Yes, George W. Bush is still your president.
You allowed your hopes to get up, didn’t you? New Yorkers should know better. Yet, sparked by the Kerry campaign’s last-minute surge of energy—not to mention those distressingly bullish early exit polls—there was the glimmer of a different world. You thought your country might be welcoming you back into its glowing amber bosom. And all the skepticism you had to overcome in order even to silently hold the thought that Kerry could win made the moment of defeat all the more bitter.
If you’re wondering how you’ll make it through the next four years without that bitterness eating you alive, relax. It should pass as quickly as a street-vendor hot dog, so long as you recognize that you are going through the five stages of mourning.
Denial.
New Yorkers, being famously hardheaded, cycle through this stage pretty quickly. But here are telltale signs you’re not yet a member of the reality-based community:
You are still playing with Electoral College vote tabulators on the Web.
You are writing pedantic letters to the editor about how electronic voting is a vast right-wing conspiracy.
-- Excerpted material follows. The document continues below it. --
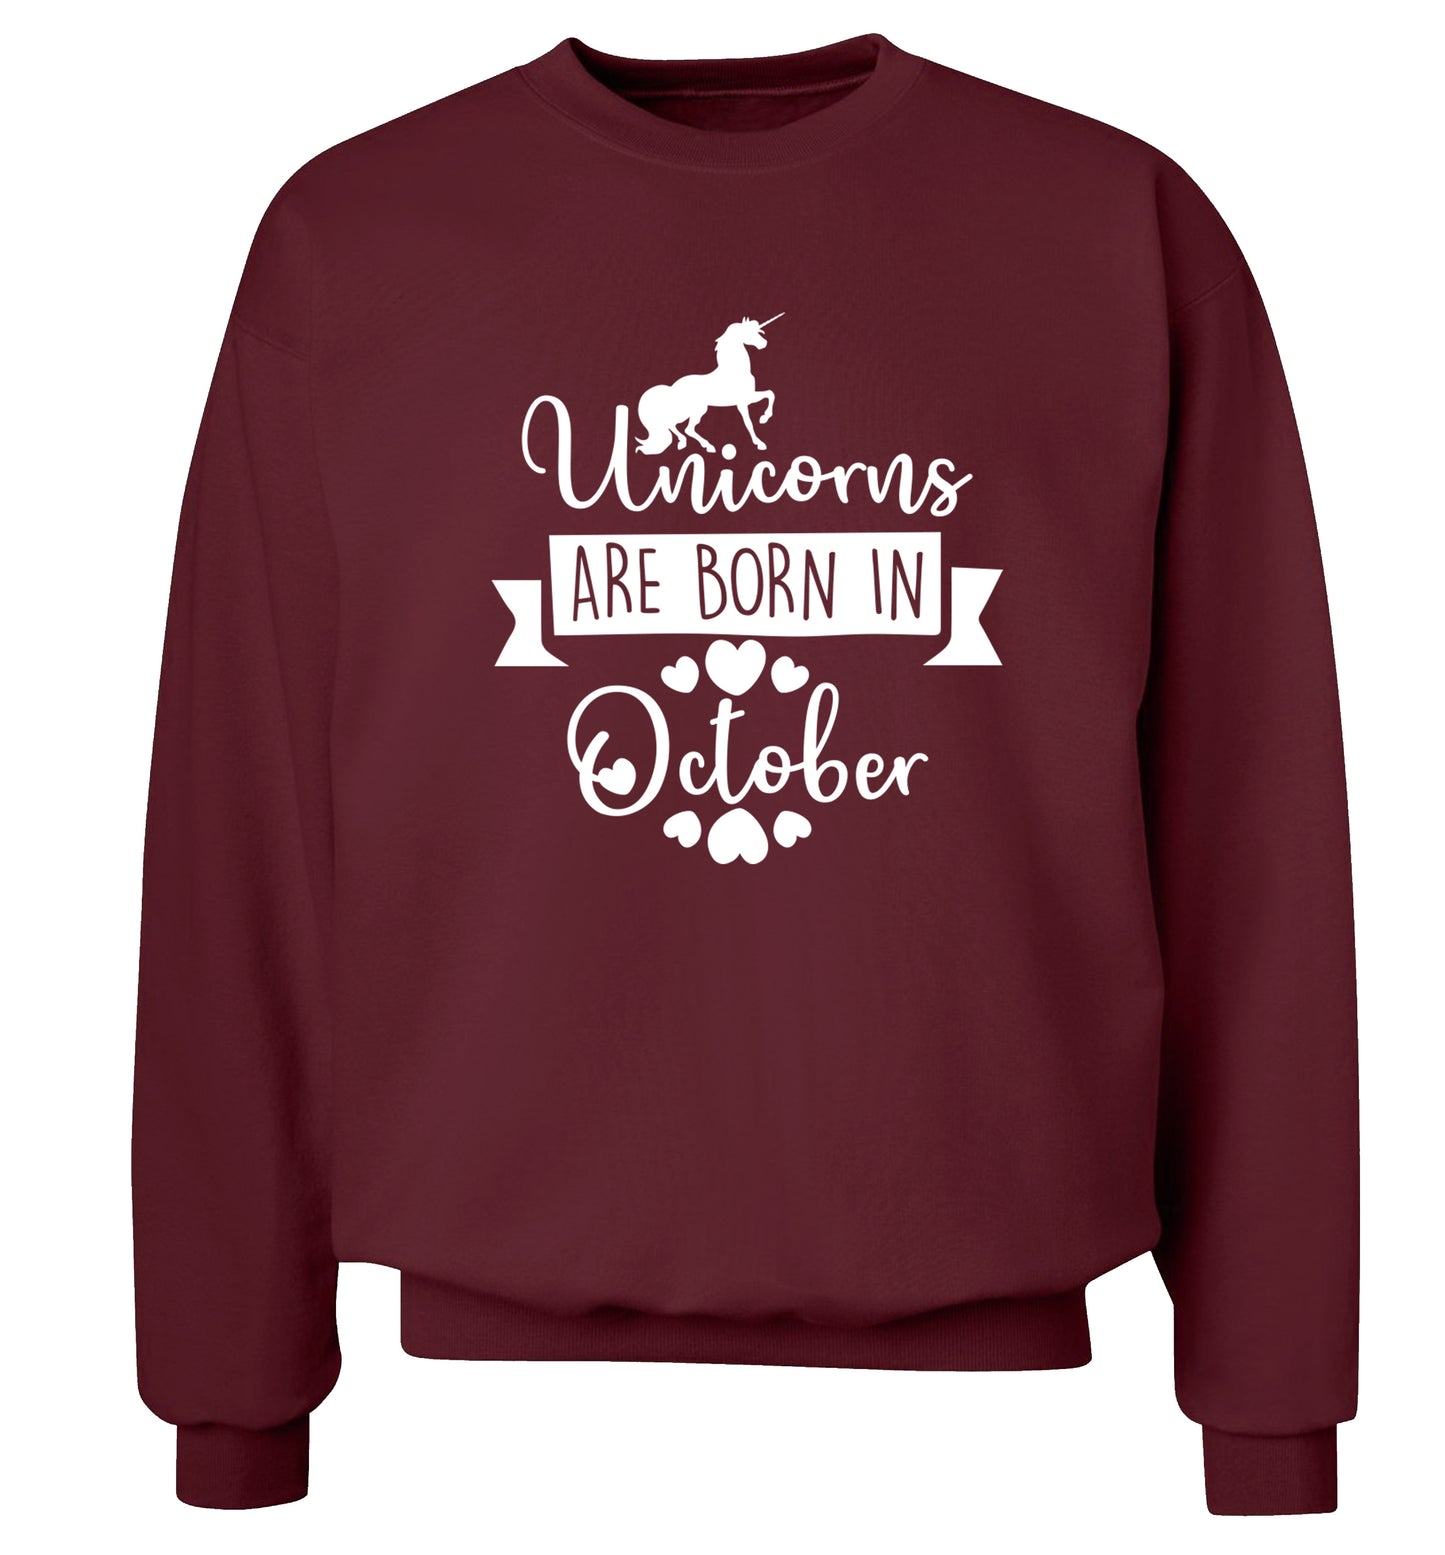 Unicorns are born in October Adult's unisex maroon Sweater 2XL

You are on a plane to Akron to oversee the processing of provisional ballots.
Anger.
This one may take a while. It is already a signature New York emotion, and it offers a wide range of possible expressions. There’s the adorably passive-aggressive: flipping the bird as you pass the Fox News building; writing anti-Bush graffiti on whatever space for it still remains in the Bedford Avenue subway stop; adopting Giuliani as a vulgar verb. And there’s the borderline criminal: assassination reveries; plots to use swing voters as stem-cell test subjects; fantasies of hijacking the Supreme Court for some long-overdue Bush v. Gore payback.
But most will fall somewhere between these two extremes. You will bitch incessantly to friends and make crude jokes about ignorant red-staters. Still, try not to blame Ohio—or other swing states that let you down—as if they were monolithic formations of turncoats. A petition already circulating online to “boycott” the Buckeye State presumably would hurt the 49 percent of Ohioans who agree with you. If you feel the need for direct confrontation, try seeking out a conservative S&M fetishist on Craigslist.com. Not only will you experience the sweet relief that only physical violence can bring, but you might get paid. Plus there’s the added satisfaction of knowing you’re doing your part to undermine family values.
Bargaining.
It’s too late for that Votergasm ballots-for-sex thing. Sorry.
Depression.
Again, not something that New Yorkers need a great deal of instruction in. However, you may be experiencing symptoms specific to the prospect of hearing your commander-in-chief mispronounce nuclear for another four years. Do you have dreams about goose-hunting—only to find that you’re the goose? Are you lying awake at night replaying Swift Boat ads in your head? Do you still feel guilty about giving money to Dean?
There isn’t a cure for this syndrome, but you can treat its more painful manifestations. This would be an excellent time, for example, to learn how to make bathtub gin. It will keep you busy—and distracted from such grim pastimes as handicapping future Bush nominees to the Supreme Court. More important, it will orient you toward the future: Once every state has outlawed gay marriage by voter initiative, it’s but a short step to reenacting Prohibition.
Acceptance.
Ah, yes. You’ve stopped fighting it. You may even have started to give in. Have you exchanged your Soho House membership for one in the NRA? Has NASCAR replaced Sopranos reruns on your TiVo? Maybe William Kristol’s foreign positions are starting to sound reasonable. But remember, New York: You don’t have to go that far. Acceptance doesn’t have to be surrender. You can come to terms with Bush-Cheney II, but only as a challenge. In fact, combine your bitter politics with your Gotham obsessions. Buy Michael Moore a Coney dog. Get Eliot Spitzer moving on a suit against the Diebold company. Oh, and by all means: Kick Curt Schilling in the ankle.